193. The above instances of conduct as well as the respective acts of receiving, using and transferring the proceeds by the accused were also relevant under Section 8 of the Evidence Act and therefore admissible to reasonably and justifiably infer knowledge on the part of the accused with respect to the charges in respect of all the 21 charges of money laundering under Section 4(1) (a) of AMLA.
194. Under all the circumstances, I find that the accused was also ‘’wilfully blind” with regard to his failure to inquire into the origin of these funds when the circumstances were such that he ought to have done so.
195. Under the circumstances and based upon the evidence, I find that the prosecution had also proven the mens rea in respect of all the AMLA charges.
196. The issue in relation to the Arab donations has been addressed earlier.

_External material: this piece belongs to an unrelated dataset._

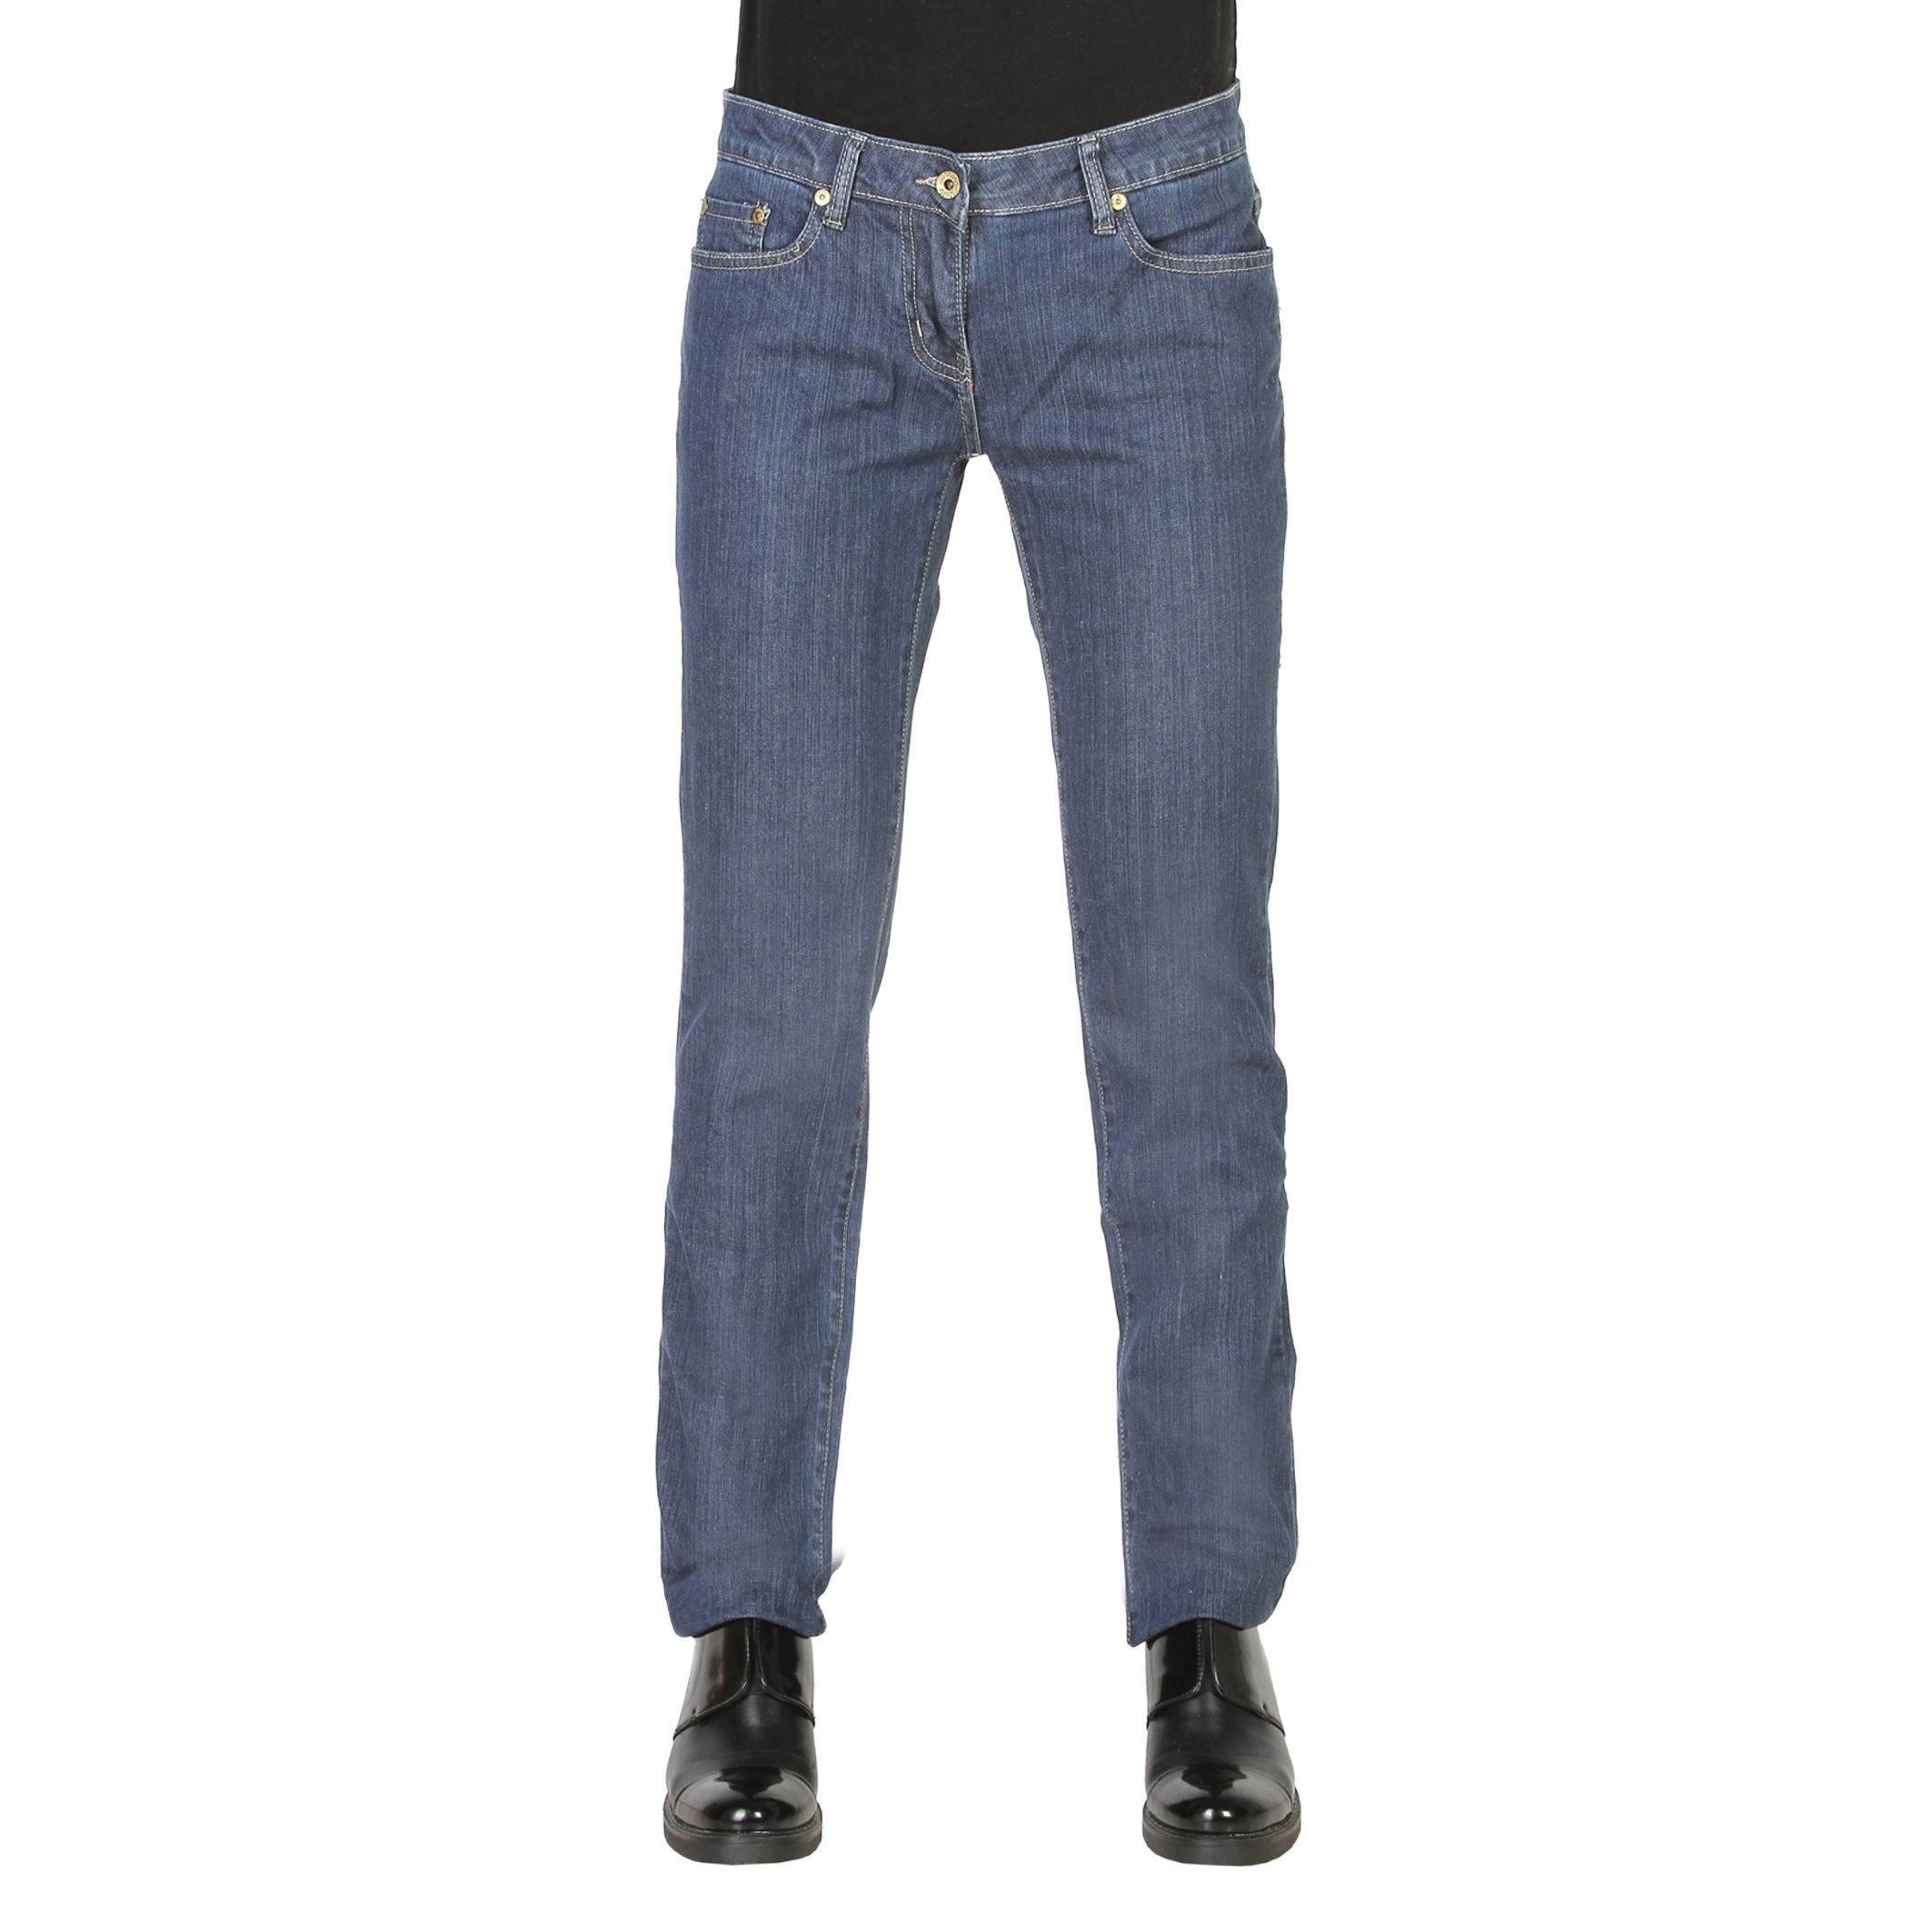 Jeans   Carrera Jeans 000760_960AA blue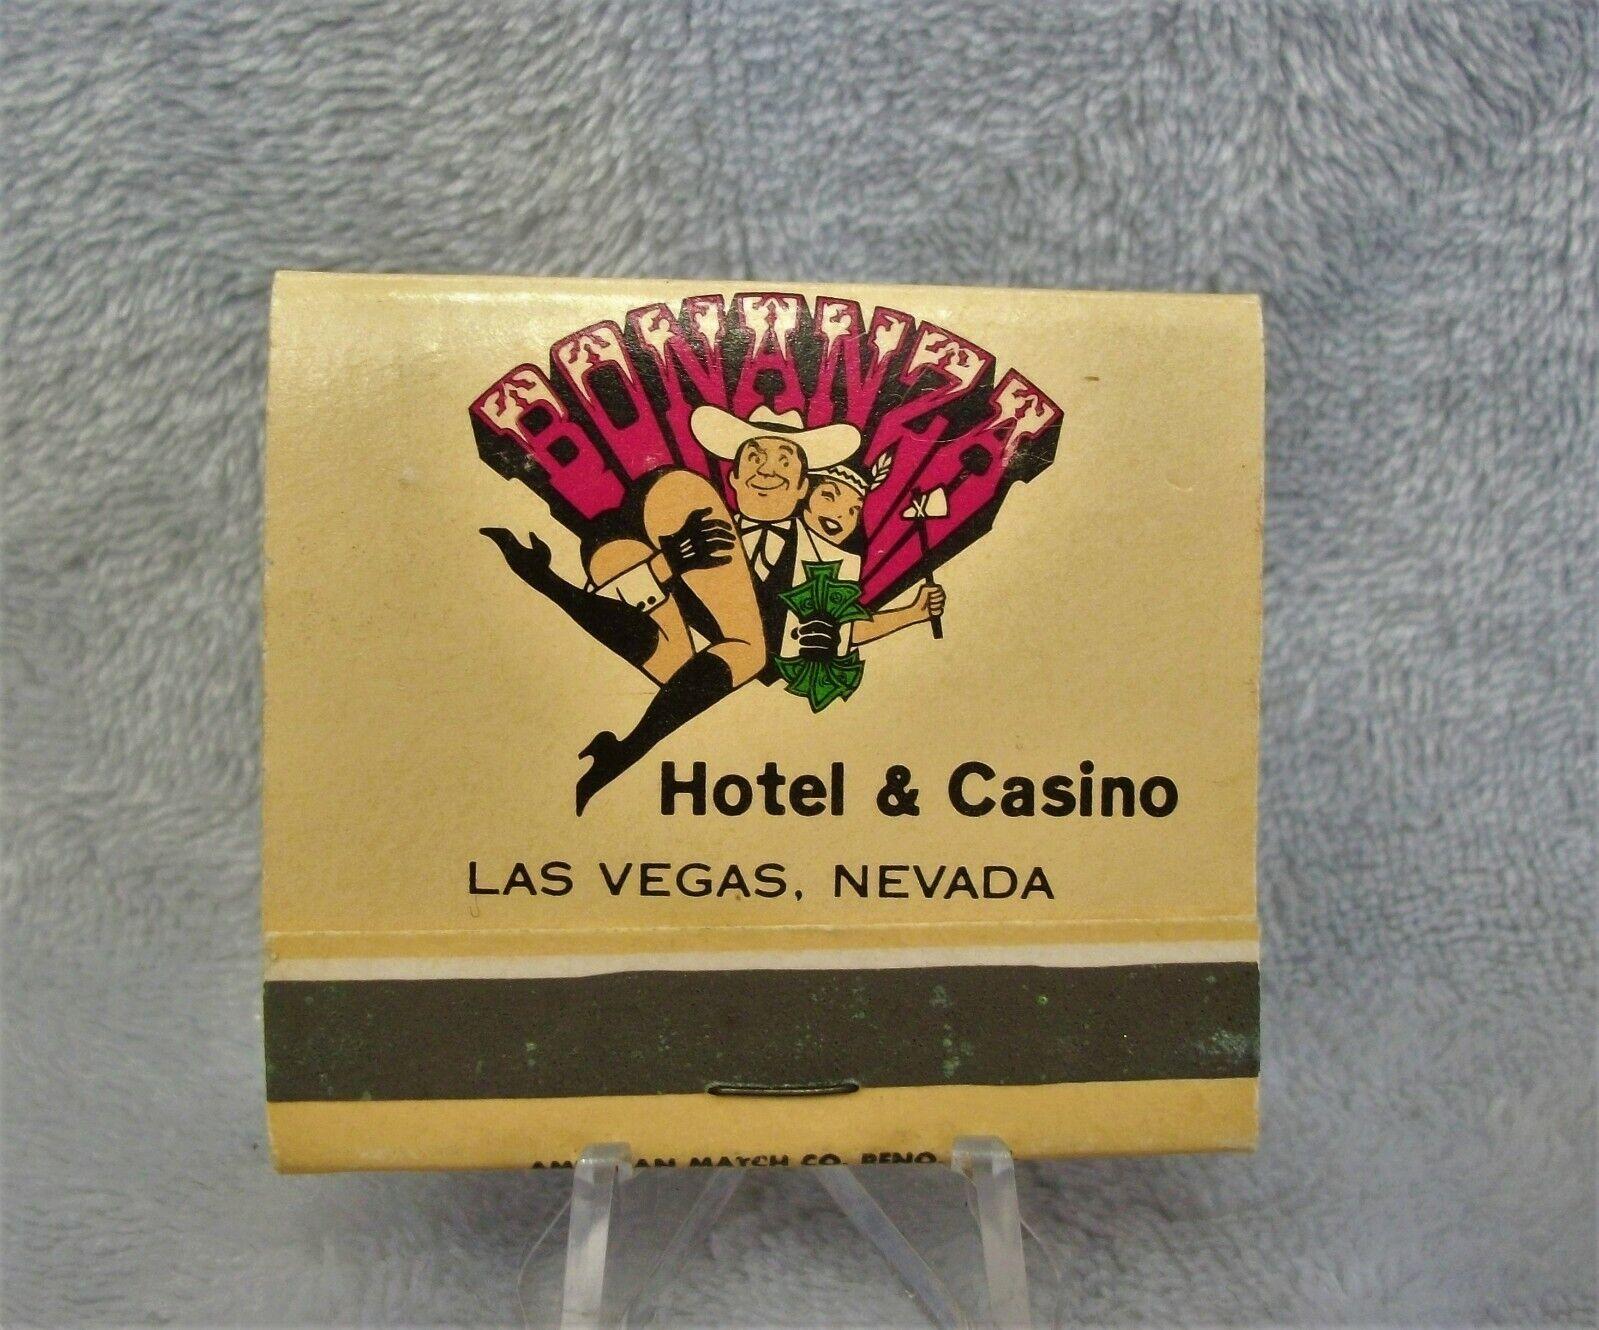 Details about  /Vintage Golden Nugget Hotel Casino Las Vegas Nevada matchbook  LQQK #6

197. In all the circumstances of the case and based upon the available evidence, and upon conducting a maximum evaluation of the prosecution case, this court finds that the prosecution has successfully proven each ingredient of all the offences under Section 4(1) (a) of AMLA which if unrebutted would warrant a conviction.
198. This court therefore finds that a prima facie case has been made out against the accused in respect of all the 21 charges under Section 4(1) (a) of AMLA.
199. This court accordingly calls upon the accused to make his defence in respect of all 21 charges under Section 4(1) (a) of AMLA.